_PROBLEM TO WORK ON:_ Copy the listing exactly as given. Omit every picture.

_DATASET EXCERPT:_
%%

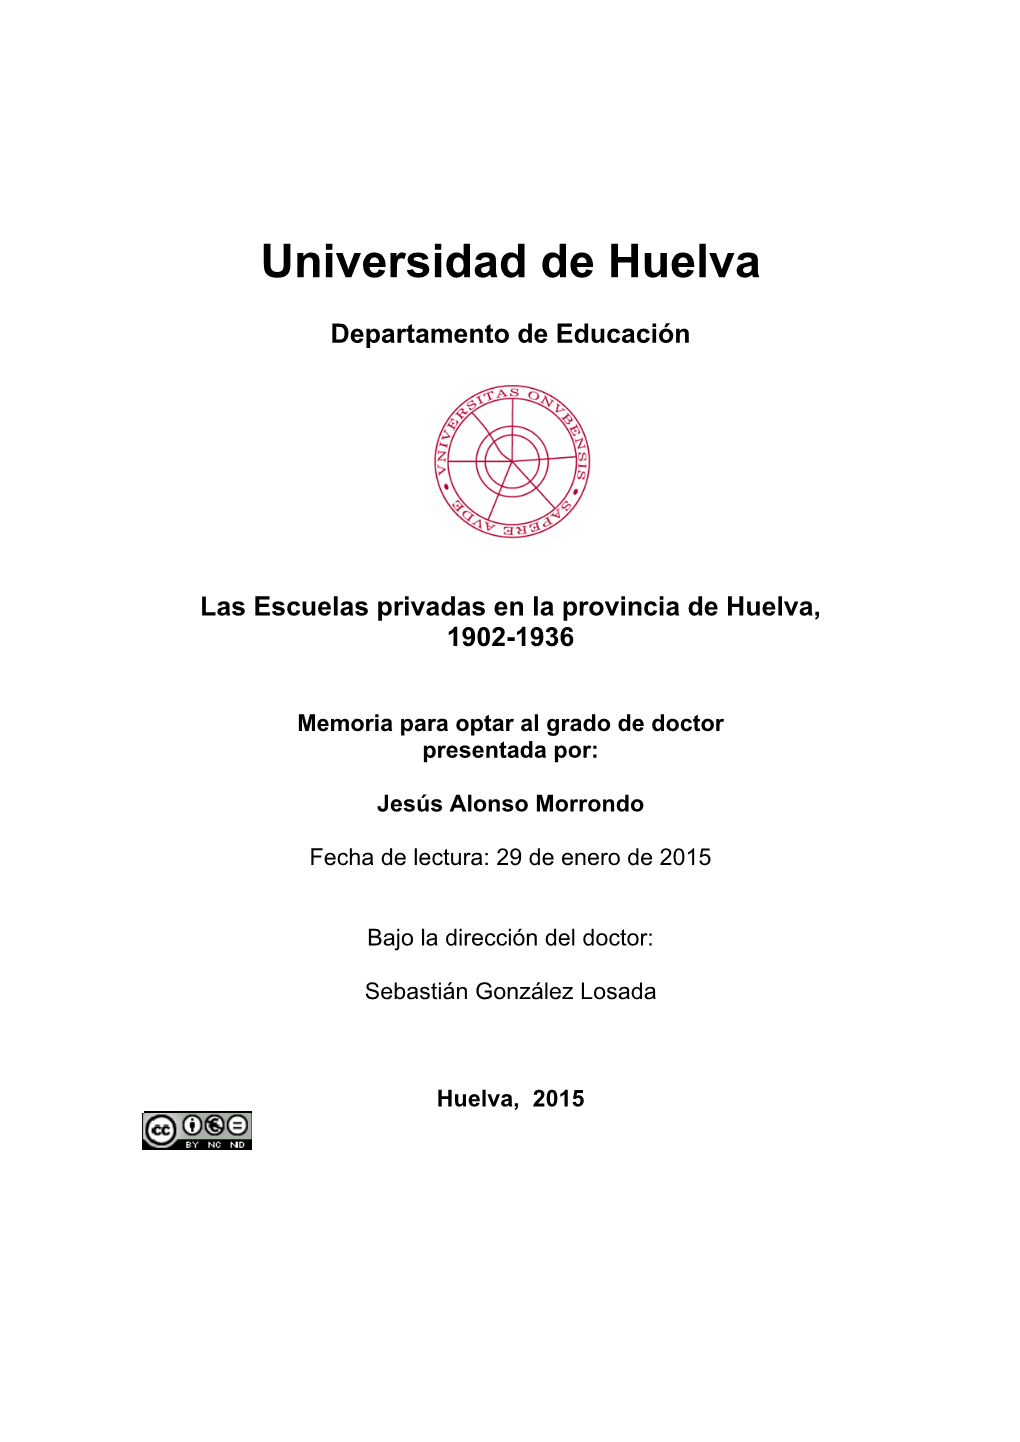 Las Escuelas Privadas En La Provincia De Huelva. 1902-1936
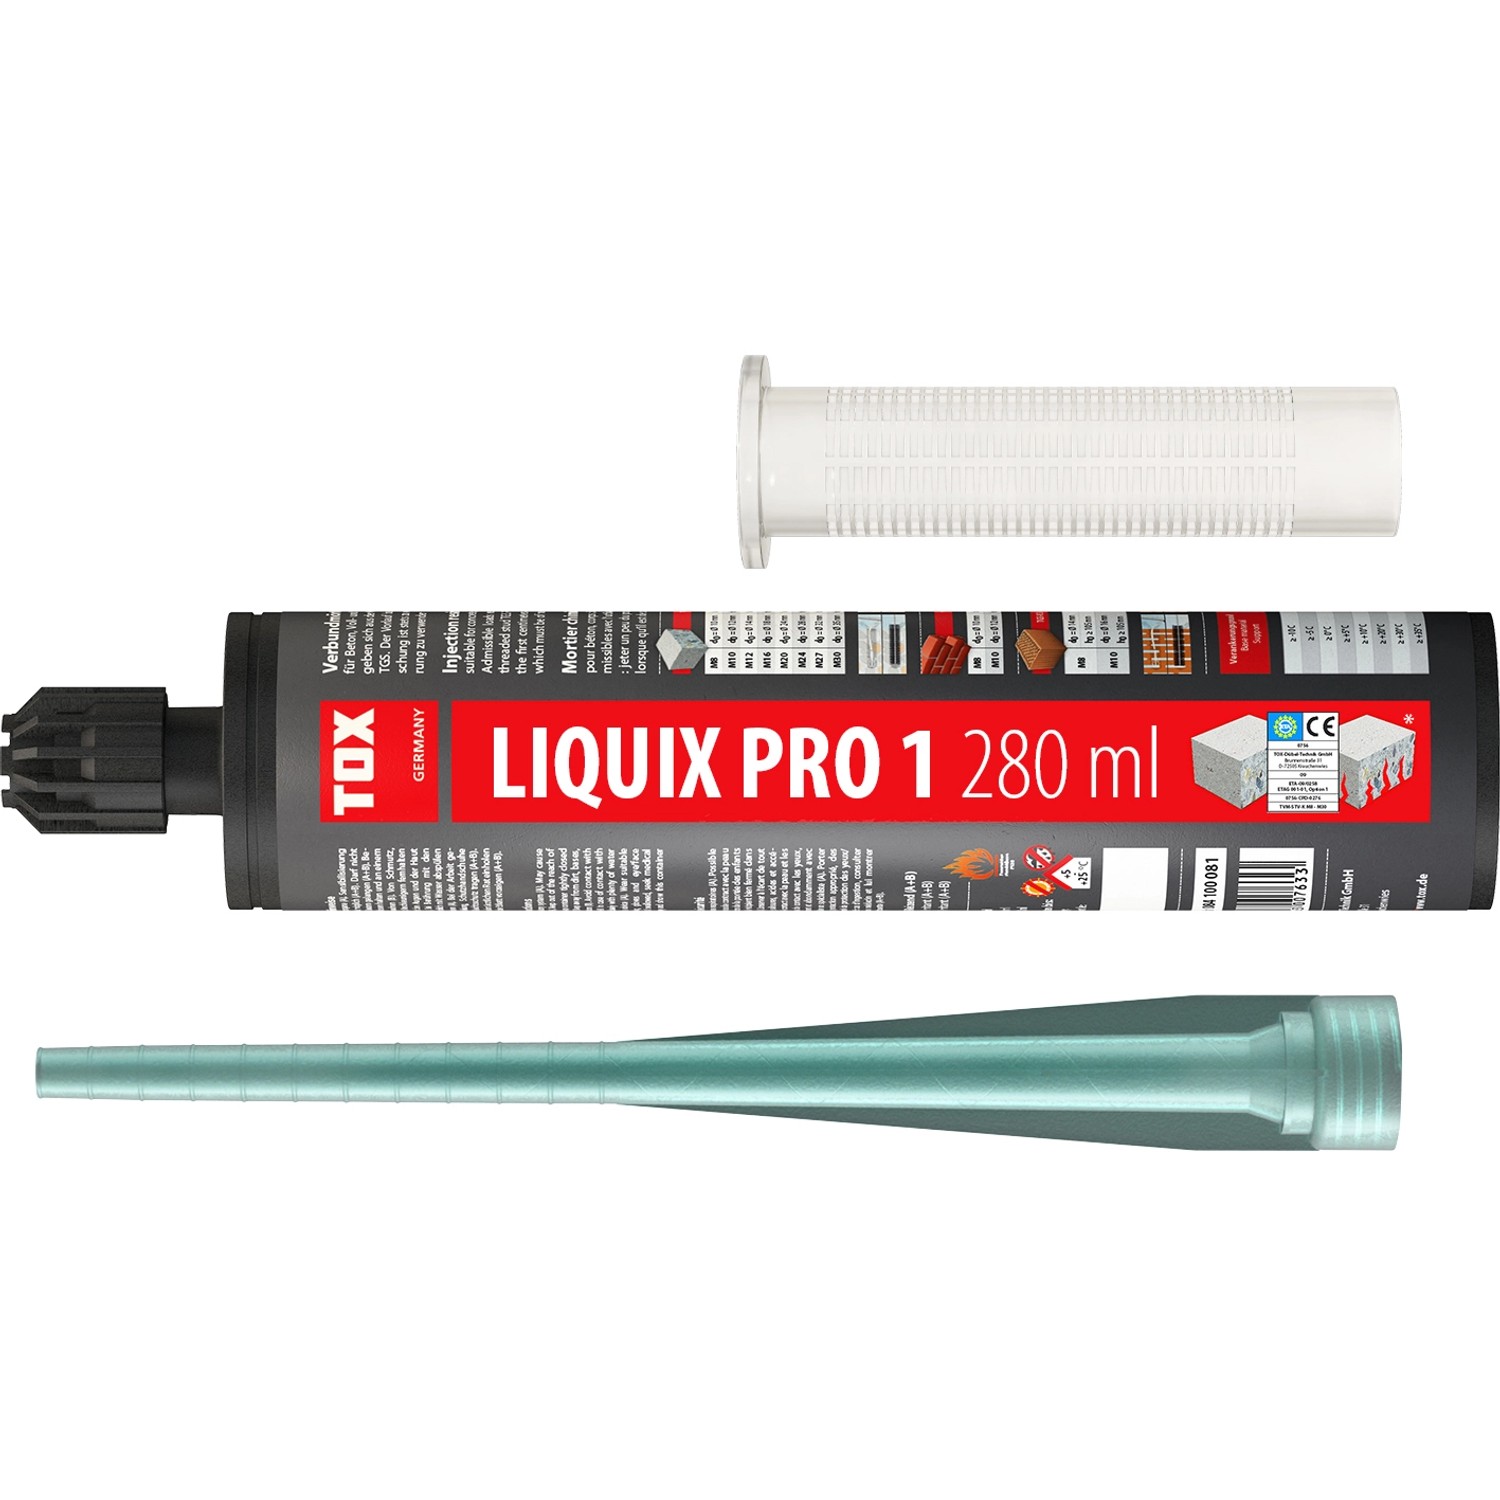 Tox Verbundmörtel Liquix Pro 1 styrolfrei 280 ml
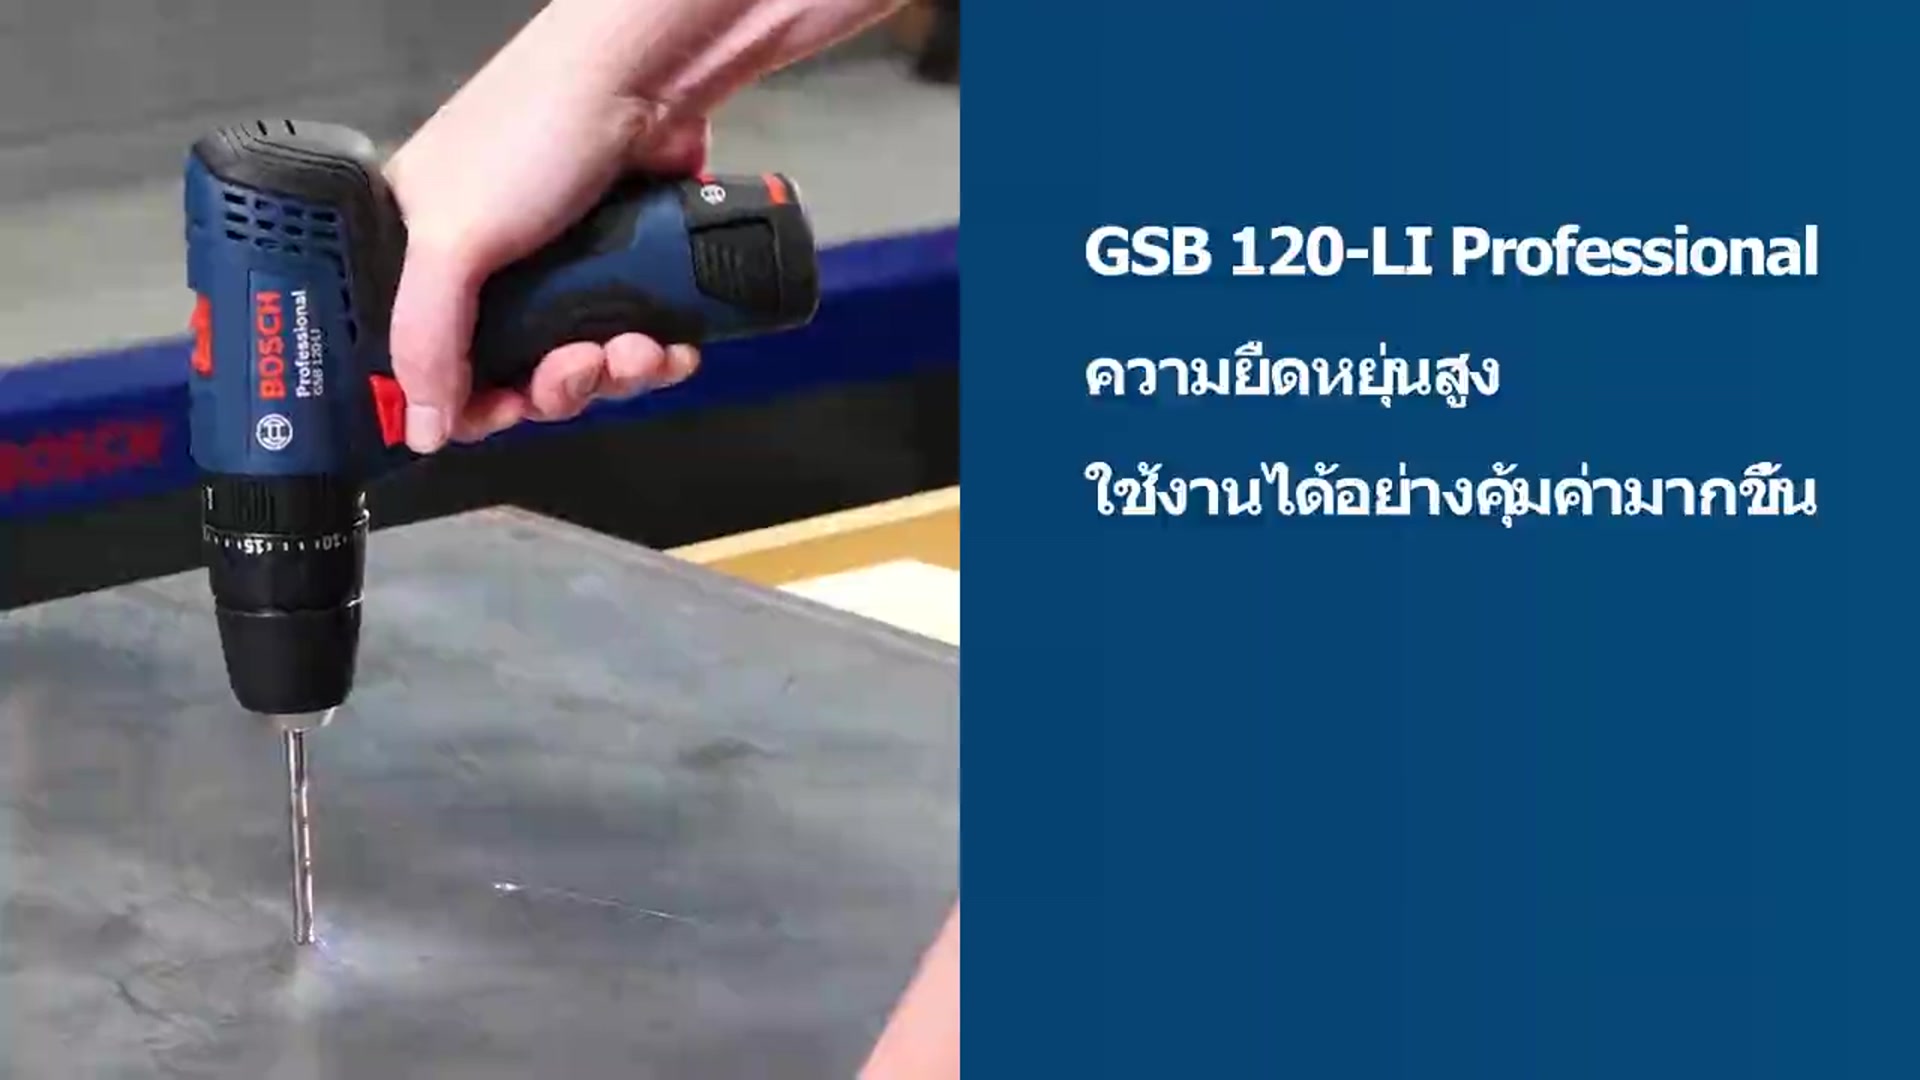 GSB 120-LI

%%

_TASK OUTPUT:_
 Las Escuelas Privadas En La Provincia De Huelva. 1902-1936
 Tox Verbundmörtel Liquix Pro 1 styrolfrei 280 ml
 GSB 120-LI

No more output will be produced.